Authority Backdoor: A Certifiable Backdoor Mechanism for Authoring DNNs
Han Yang 1, Shaofeng Li 1, Tian Dong 2, Xiangyu Xu 1, Guangchi Liu 1, Zhen Ling 1
Published on arXiv
2512.10600
Model Theft
OWASP ML Top 10 — ML05
Model Poisoning
OWASP ML Top 10 — ML10
Key Finding
Protected ResNet-18 on CIFAR-10 maintains 94.13% accuracy for authorized users while dropping to 6.02% for unauthorized users; certifiable robustness suppresses adaptive trigger-recovery to 9.25% (near random chance at 9.47%).
Authority Backdoor
Novel technique introduced
Deep Neural Networks (DNNs), as valuable intellectual property, face unauthorized use. Existing protections, such as digital watermarking, are largely passive; they provide only post-hoc ownership verification and cannot actively prevent the illicit use of a stolen model. This work proposes a proactive protection scheme, dubbed ``Authority Backdoor," which embeds access constraints directly into the model.
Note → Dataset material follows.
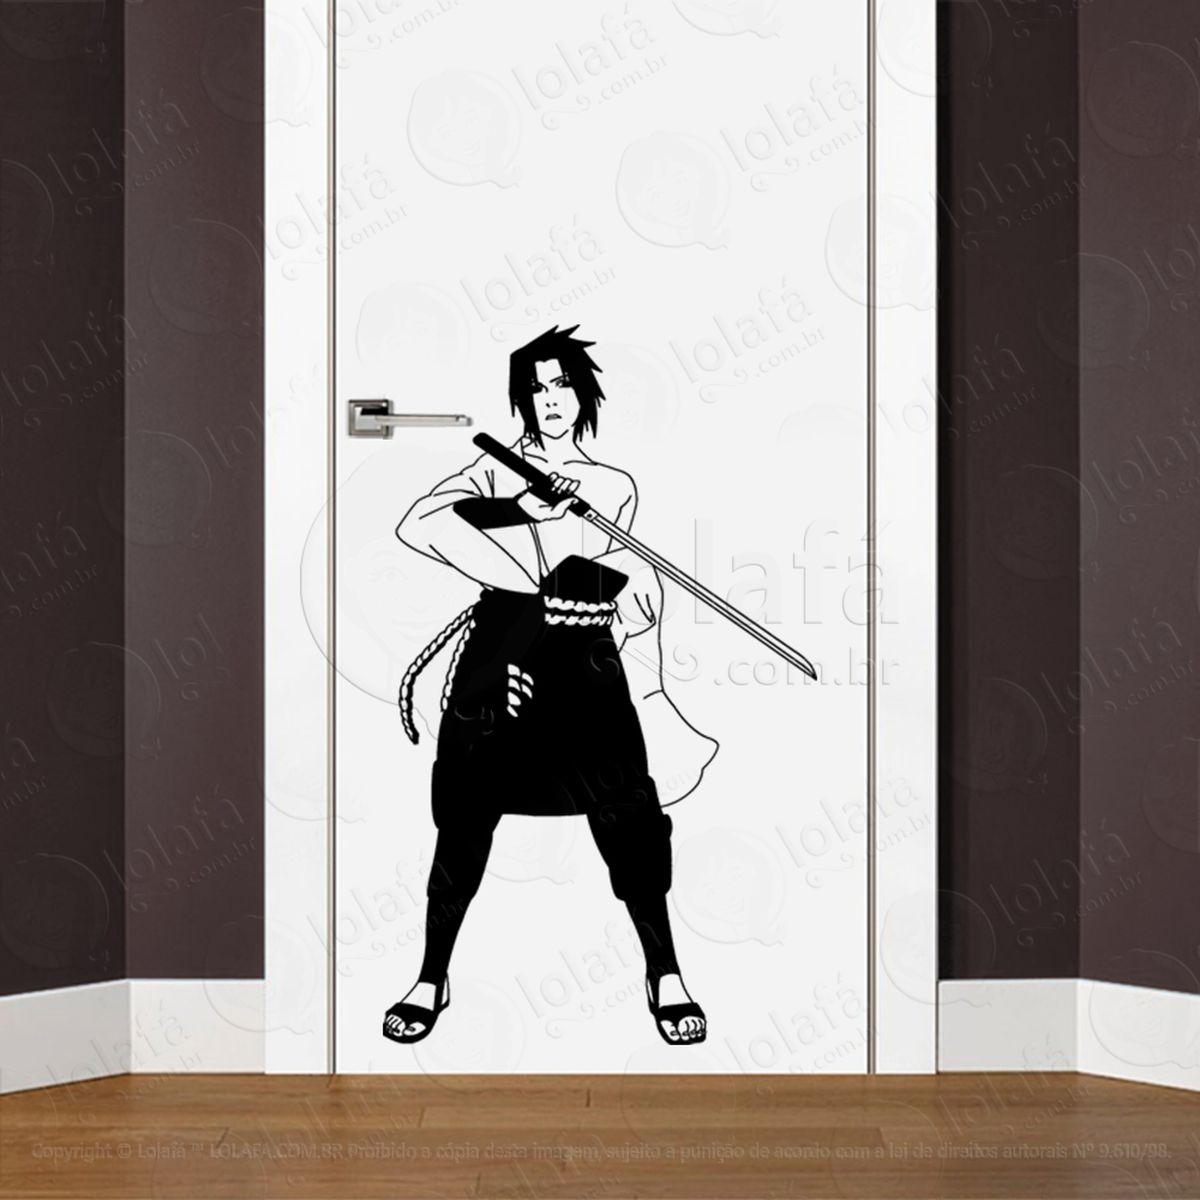 sasuke uchiha adesivo de parede para quarto, porta e vidro - mod:27

In particular, the scheme utilizes a backdoor learning framework to intrinsically lock a model's utility, such that it performs normally only in the presence of a specific trigger (e.g., a hardware fingerprint). But in its absence, the DNN's performance degrades to be useless. To further enhance the security of the proposed authority scheme, the certifiable robustness is integrated to prevent an adaptive attacker from removing the implanted backdoor. The resulting framework establishes a secure authority mechanism for DNNs, combining access control with certifiable robustness against adversarial attacks. Extensive experiments on diverse architectures and datasets validate the effectiveness and certifiable robustness of the proposed framework.
Key Contributions
- Authority Backdoor scheme that locks DNN utility to a hardware-specific trigger (e.g., TPM/PUF fingerprint), degrading unauthorized performance to random-chance accuracy
- Certifiable robustness integration via randomized smoothing to withstand adaptive trigger-recovery attacks that attempt to bypass the authority mechanism
- Extensive validation across ResNet, VGG, and ViT architectures on CIFAR-10/100, GTSRB, and Tiny ImageNet
🛡️ Threat Analysis
The primary contribution is proactive DNN IP protection against model theft and unauthorized use — an active defense where the model itself enforces access control via a hardware-specific trigger, directly preventing utility for anyone who steals the model.
The technical mechanism is a deliberately embedded backdoor, and a key contribution is certifiable robustness (via randomized smoothing) against adaptive adversaries who try to reverse-engineer or remove the implanted trigger — a direct contribution to backdoor robustness and resilience.